Abstract

The program of intervening, manipulating, constructing and creating is central to natural and engineering sciences. A renewed wave of interest in this program has emerged within the recent practices and discourse of nano-technoscience. However, it is striking that, framed from the perspective of well-established epistemologies, the constructed technoscientific objects and engineered things remain invisible. Their ontological and epistemological status is unclear. The purpose of the present paper is to support present-day approaches to techno-objects (“ontology”) insofar as they make these hidden objects epistemologically perceivable. To accomplish this goal, it is inspiring to look back to the origin of the project of modernity and to its founding father: Francis Bacon.
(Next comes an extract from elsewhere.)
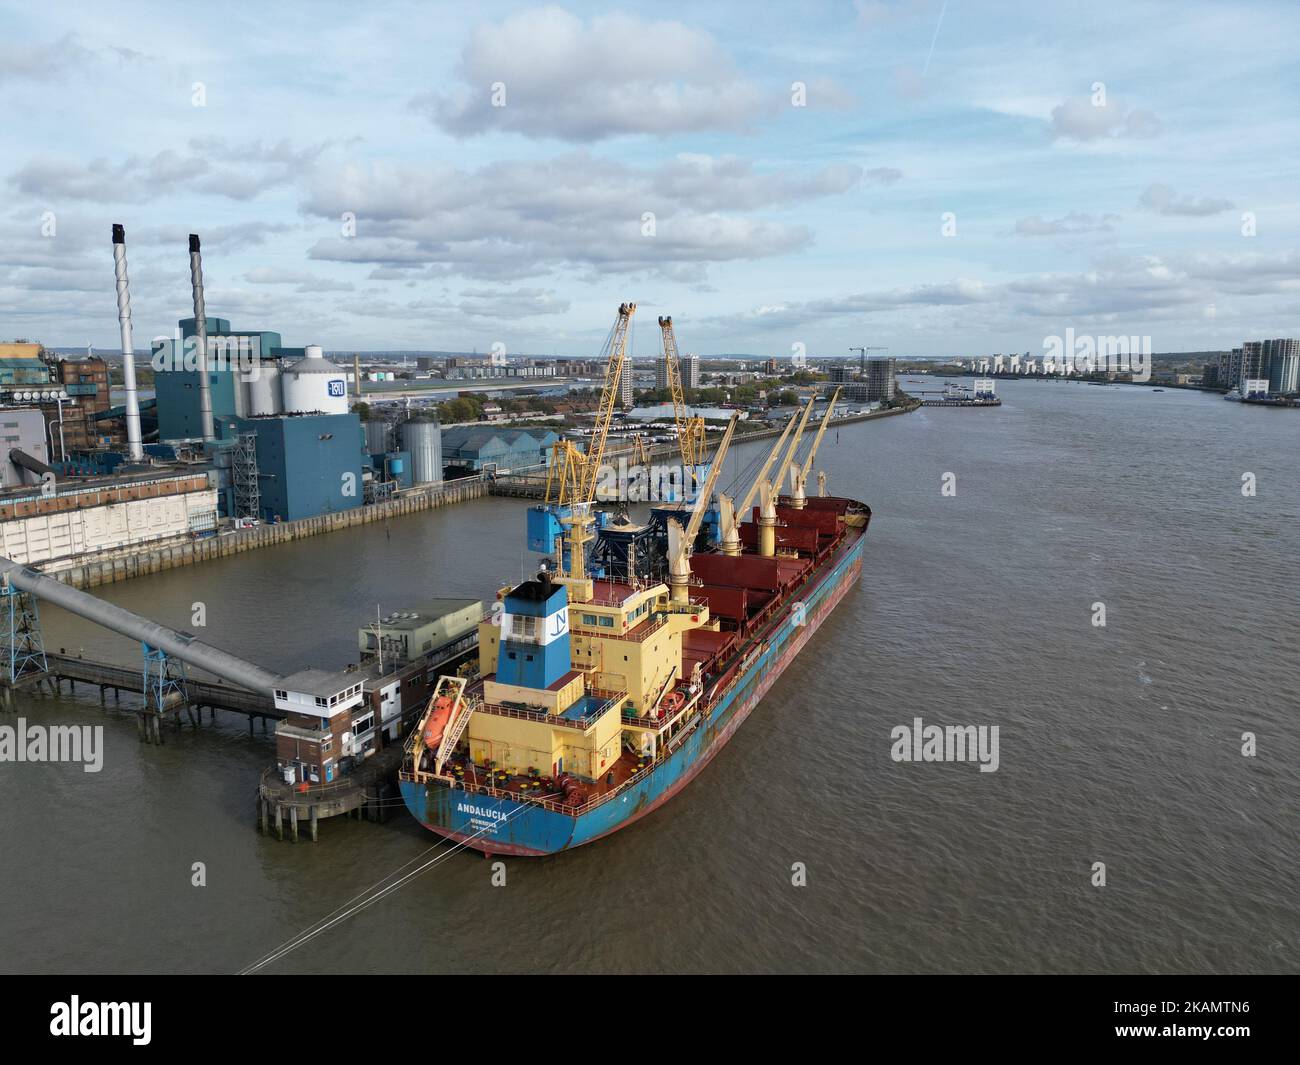 Tate & Lyle Sugar Raffinerie Silvertown London Drohne Luftaufnahme Stockfoto

The thesis is that everything we need today for an adequate (dialectic-materialist), ontologically well-informed epistemology of technoscience can be found in the works of Bacon—this position will be called epistemological real-constructivism. Rather than describing it as realist or constructivist, empiricist or rationalist, Bacon’s position can best be understood as real-constructivist since it challenges modern dichotomies, including the dichotomy between epistemology and ontology. Such real-constructive turn might serve to promote the acknowledgement that natural and engineering sciences, in particular recent technosciences, are creating and producing the world we live in. Reflection upon the contemporary relevance of Bacon is intended as a contribution to the expanding and critical discussion on nano-technoscience.